I am trying to parse a server monitoring page which doesnt have any class name . The HTML file looks like this
<div style="float:left;margin-right:50px"><div>Server:VIP Owner</div><div>Server Role:ACTIVE</div><div>Server State:AVAILABLE</div><div>Network State:GY</div>
how do i parse this html content to a variable like
$Server VIP Owner
$Server_Role Active
$Server_State Available
Since there is no class name.. i am struggling to get this extracted.
$htmlcontent.ParsedHtml.getElementsByTagName('div') | ForEach-Object {
>> New-Variable -Name $_.className -Value $_.textContent
CodePudding user response:
While you are only showing us a very small part of the HTML, it is very likely there are more <div>
tags in there.
Without an id
property or anything else that uniquely identifies the div you are after, you can use a Where-Object
clause to find the part you are looking for.
Try
$div = ($htmlcontent.ParsedHtml.getElementsByTagName('div') | Where-Object { $_.InnerHTML -like '<div>Server Name:*' }).outerText
# if you're on PowerShell version < 7.1, you need to replace the (first) colons into equal signs
$result = $div -replace '(?<!:.*):', '=' | ConvertFrom-StringData
# for PowerShell 7.1, you can use the `-Delimiter` parameter
#$result = $div | ConvertFrom-StringData -Delimiter ':'
The result is a Hashtable like this:
Name Value
---- -----
Server Name VIP Owner
Server State AVAILABLE
Server Role ACTIVE
Network State GY
Of course, if there are more of these in the report, you'll have to loop over divs with something like this:
$result = ($htmlcontent.ParsedHtml.getElementsByTagName('div') | Where-Object { $_.InnerHTML -like '<div>Server Name:*' }) | Foreach-Object {
$_.outerText -replace '(?<!:.*):', '=' | ConvertFrom-StringData
}
Ok, so the original question did not show what we are dealing with..
Apparently, your HTML contains divs like this:
<div>=======================================</div>
<div>Service Name:MysqlReplica</div>
<div>Service Status:RUNNING</div>
<div>Remarks:Change role completed in 1 ms</div>
<div>=======================================</div>
<div>Service Name:OCCAS</div>
<div>Service Status:RUNNING</div>
<div>Remarks:Change role completed in 30280 ms</div>
To deal with blocks like that, you need a whole different approach:
# create a List object to store the results
$result = [System.Collections.Generic.List[object]]::new()
# create a temporary ordered dictionary to build the resulting items
$svcHash = [ordered]@{}
foreach ($div in $htmlcontent.ParsedHtml.getElementsByTagName('div')) {
switch -Regex ($div.InnerText) {
'^= ' {
if ($svcHash.Count) {
# add the completed object to the list
$result.Add([PsCustomObject]$svcHash)
$svcHash = [ordered]@{}
}
}
'^(Service . |Remarks):' {
# split into the property Name and its value
$name, $value = ($_ -split ':',2).Trim()
$svcHash[$name] = $value
}
}
}
if ($svcHash.Count) {
# if we have a final service block filled.
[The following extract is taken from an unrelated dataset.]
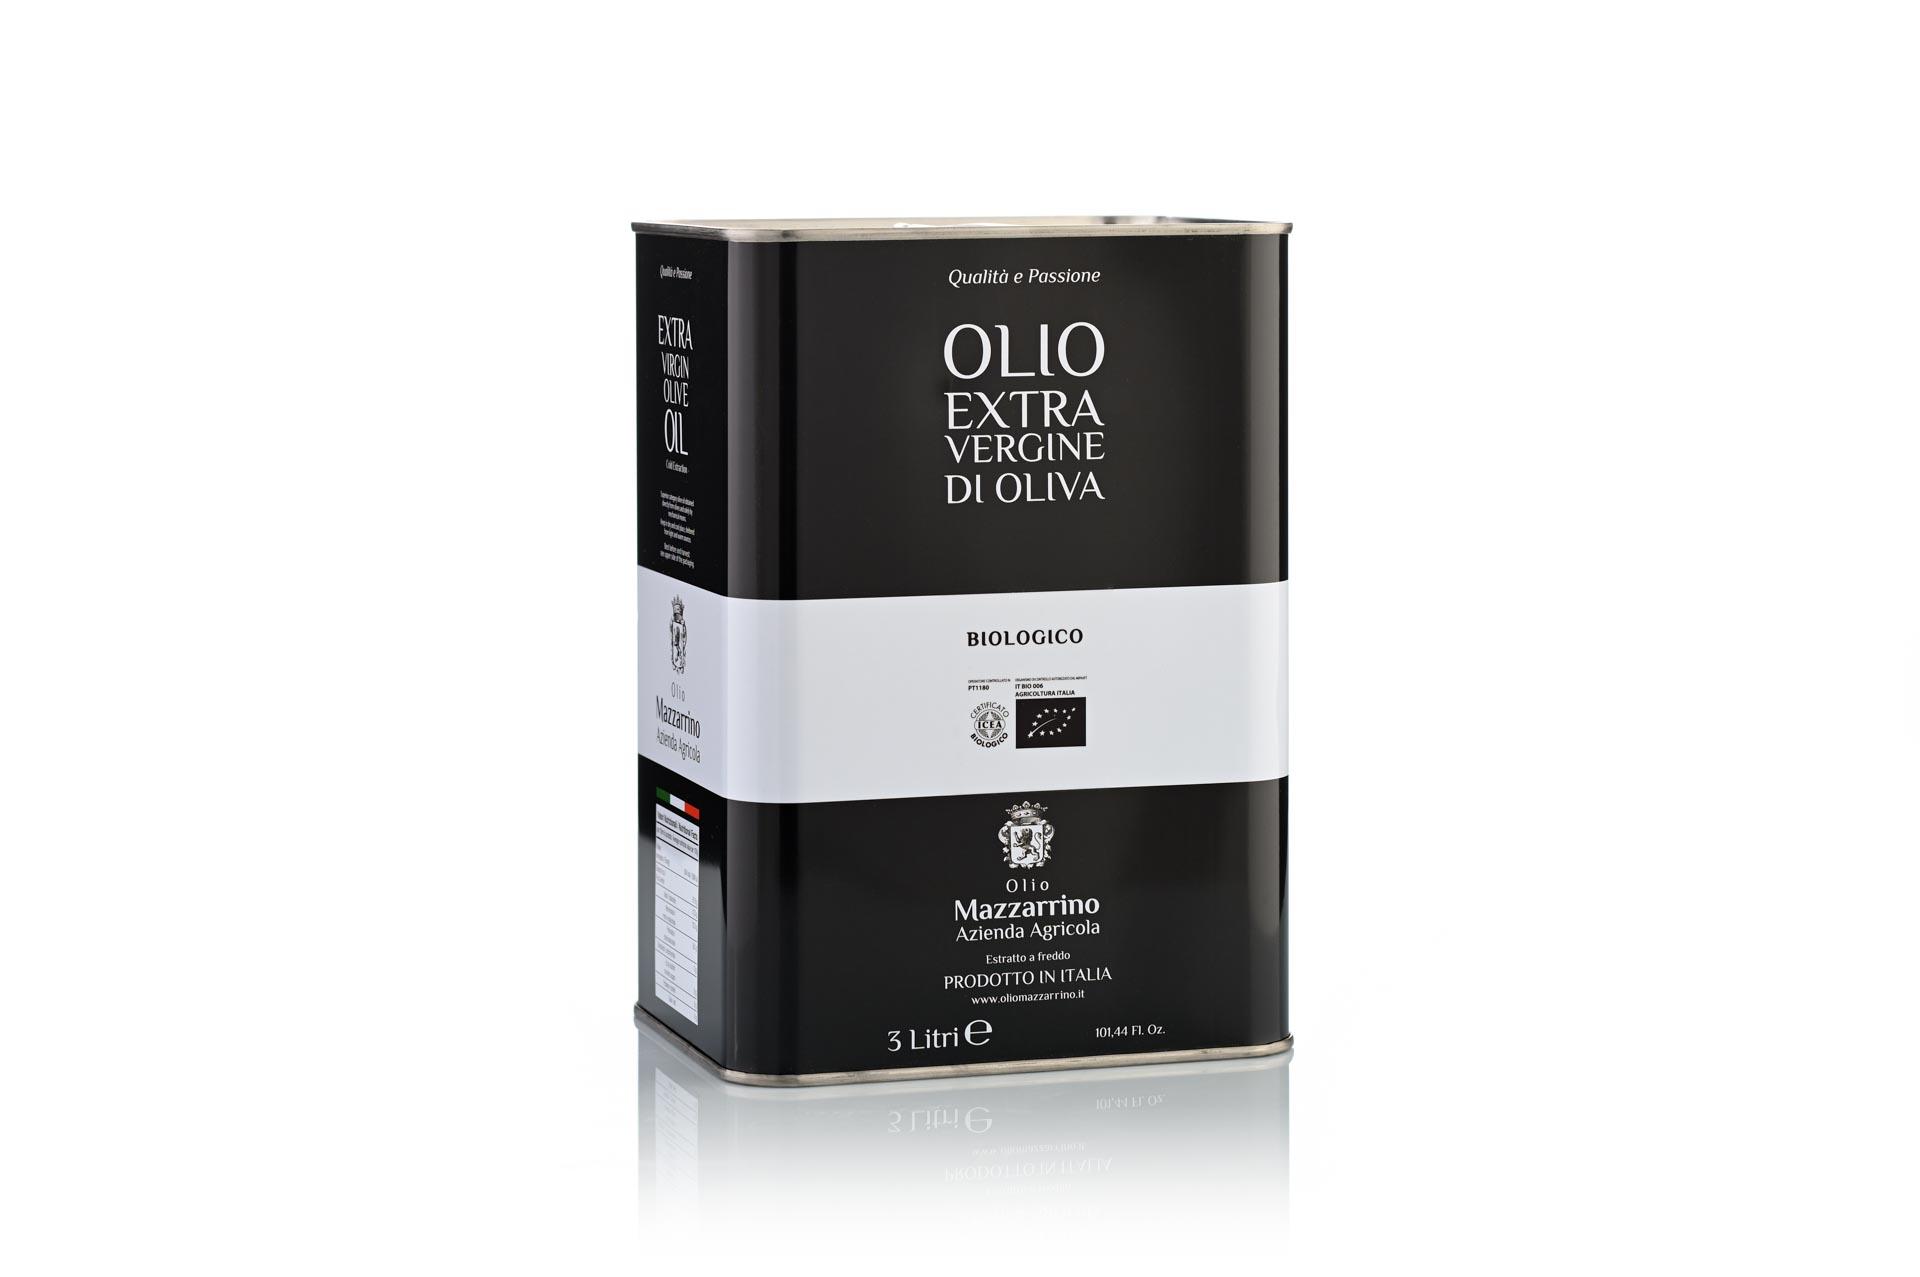 Olio extravergine di oliva Biologico – 4 lattine da 3 litri

This happens when no closing
# <div>=======================================</div>
# was found in the HTML, we need to add that to our final array of PSObjects
$result.Add([PsCustomObject]$svcHash)
}
# output on screen
$result | Format-Table -AutoSize
# output to CSV file
$result | Export-Csv -Path 'X:\services.csv' -NoTypeInformation
Output on screen using the above example:
Service Name Service Status Remarks
------------ -------------- -------
MysqlReplica RUNNING Change role completed in 1 ms
OCCAS RUNNING Change role completed in 30280 ms